E noi? Sembra che a noi rider la cosa non interessi minimamente. C'è chi fa questo lavoro per sfizio, chi lo vede solo come un modo per arrotondare. Altri, illusi dalla retorica dell'imprenditoria digitale, si credono "piccoli imprenditori" e pensano che il problema non li riguardi. E poi ci sono quelli che vivono di speranza, credendo che le cose si aggiusteranno da sole, quasi per magia.

Ma la realtà è ben più dura: due multinazionali, con strategie operative opposte, hanno deciso che il limone è spremuto abbastanza. Sono pronte a buttare via la buccia o a cederla a caro prezzo a qualcun altro. Se crediamo davvero che queste manovre non ci toccheranno, allora forse hanno ragione loro. Forse siamo solo pedine del loro gioco, e come tali, non abbiamo alcun diritto di lamentarci.

Siamo a un bivio, e le due strade che i rider di Just Eat stanno contemplando portano entrambe a un'incertezza profonda. La prima ipotesi, la più diffusa e celebrata, è che Just Eat faccia un passo indietro sul modello di subordinazione. Già sento il coro di "L'avevo detto!" levarsi da chi ha sempre contestato questa scelta. Ma c'è un risvolto della medaglia, amaro e spesso ignorato: l'80% di quei rider, oggi come oggi, non è facilmente ricaricabile. L'età avanzata o l'etnia incapacità di comprendere a pieno la lingua possono diventare ostacoli insormontabili, trasformando queste persone in concorrenti diretti per chi ora sogna la "libertà". Il calendario delle ore non esiste più, basta un click e te li ritrovi accanto a "rubarti" l'ordine. È questa la libertà che vogliamo? Una libertà che ci mette gli uni contro gli altri in una guerra al ribasso?

Dall'altra parte, c'è chi invoca a gran voce la regolarizzazione di tutti i rider. Un'idea nobile, senza dubbio. Ma quante volte ci siamo fermati a pensare a COME le aziende dovrebbero farlo? Con quali parametri, con quali criteri si dovrebbe definire l'accesso alle ore di collaborazione? Nessuno ha una risposta chiara. Si chiede la regolarizzazione, ma senza un piano, senza una visione concreta.

Dopo anni di battaglie, di discussioni, di slogan, manca ancora un'idea chiara e univoca di cosa vogliano realmente i rider. Siamo intrappolati tra speranze irrealistiche e rivendicazioni senza una base solida. Questo immobilismo gioca a favore delle piattaforme, che possono continuare a decidere del nostro destino senza una reale opposizione.

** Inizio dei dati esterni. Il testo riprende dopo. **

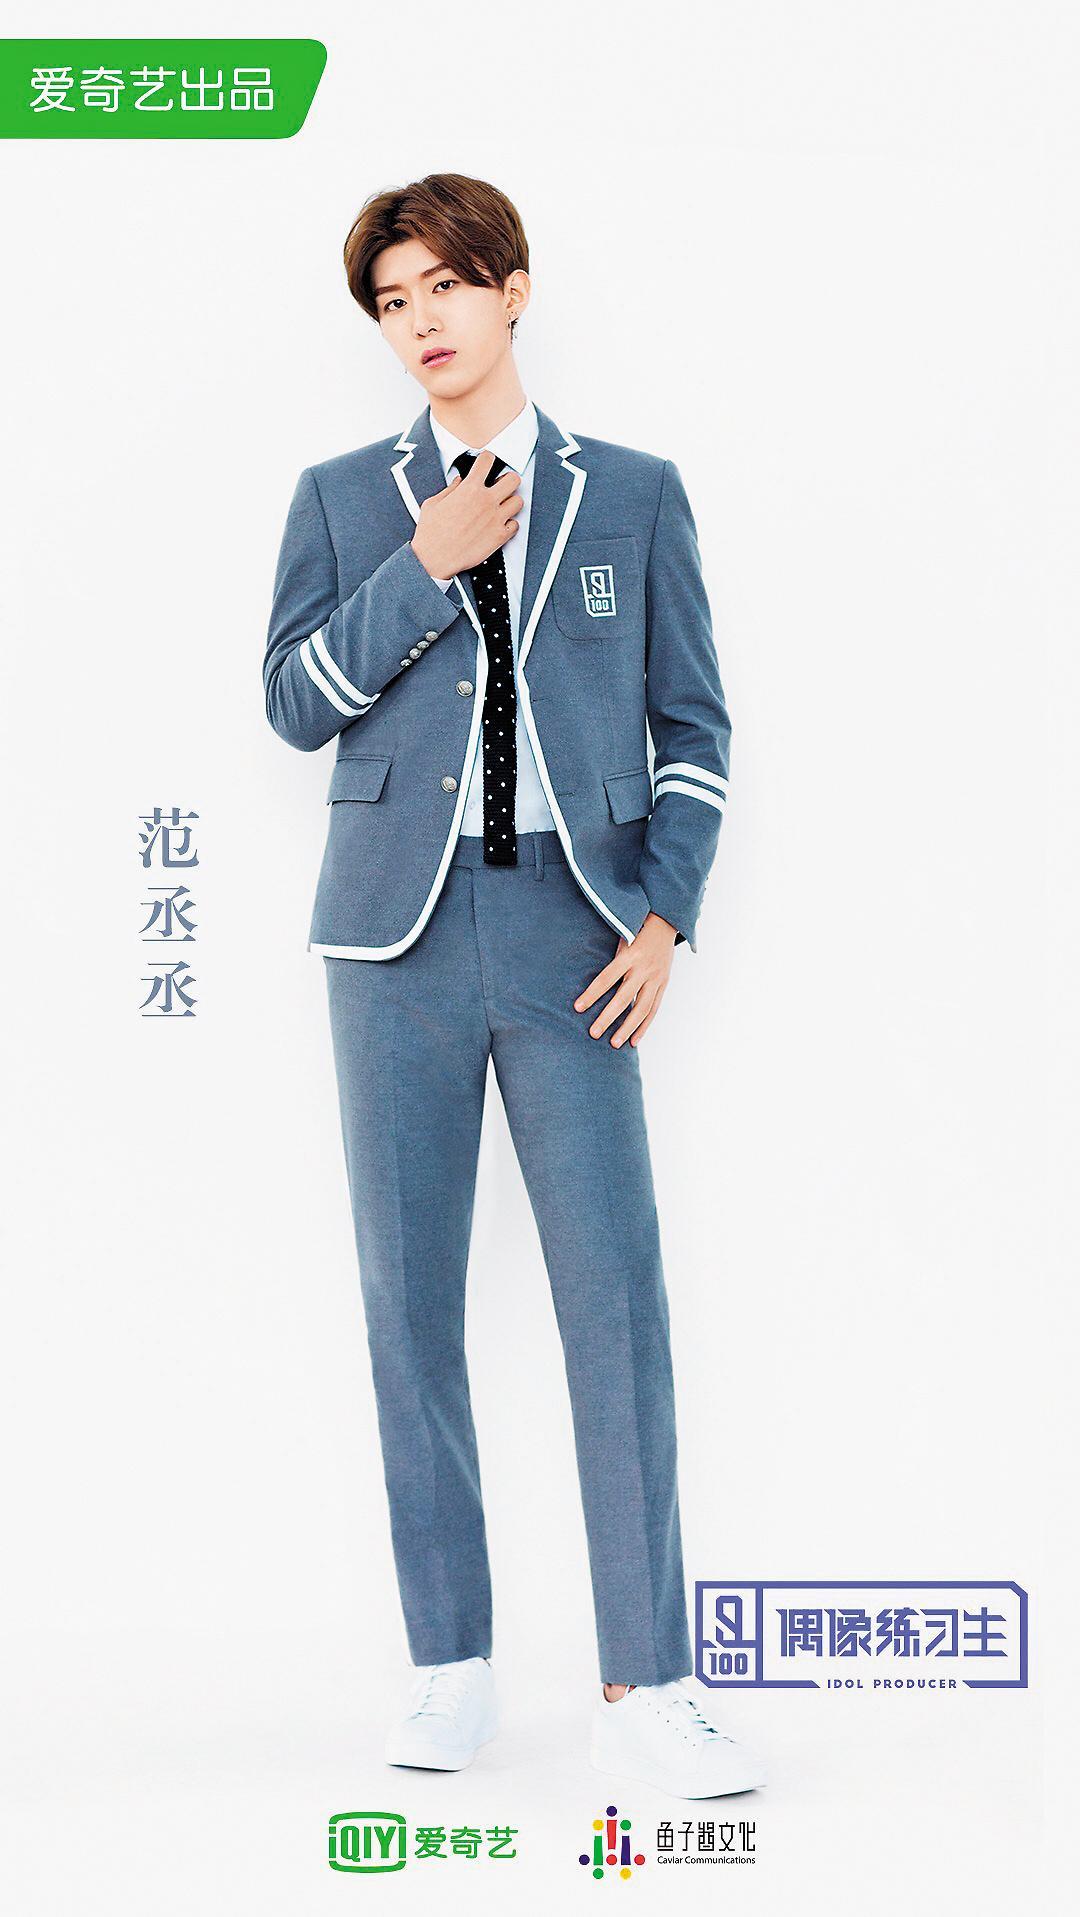 范丞丞因為有個大名鼎鼎的星姐范冰冰,成為練習生中最受矚目的成員。

È tempo di smettere di illuderci. Dobbiamo guardare in faccia la realtà, per quanto scomoda possa essere. Dobbiamo sederci al tavolo e capire, una volta per tutte, quali sono le nostre priorità e come raggiungerle. Solo così potremo smettere di essere pedine in un gioco che non ci vede protagonisti, e diventare attori del nostro futuro.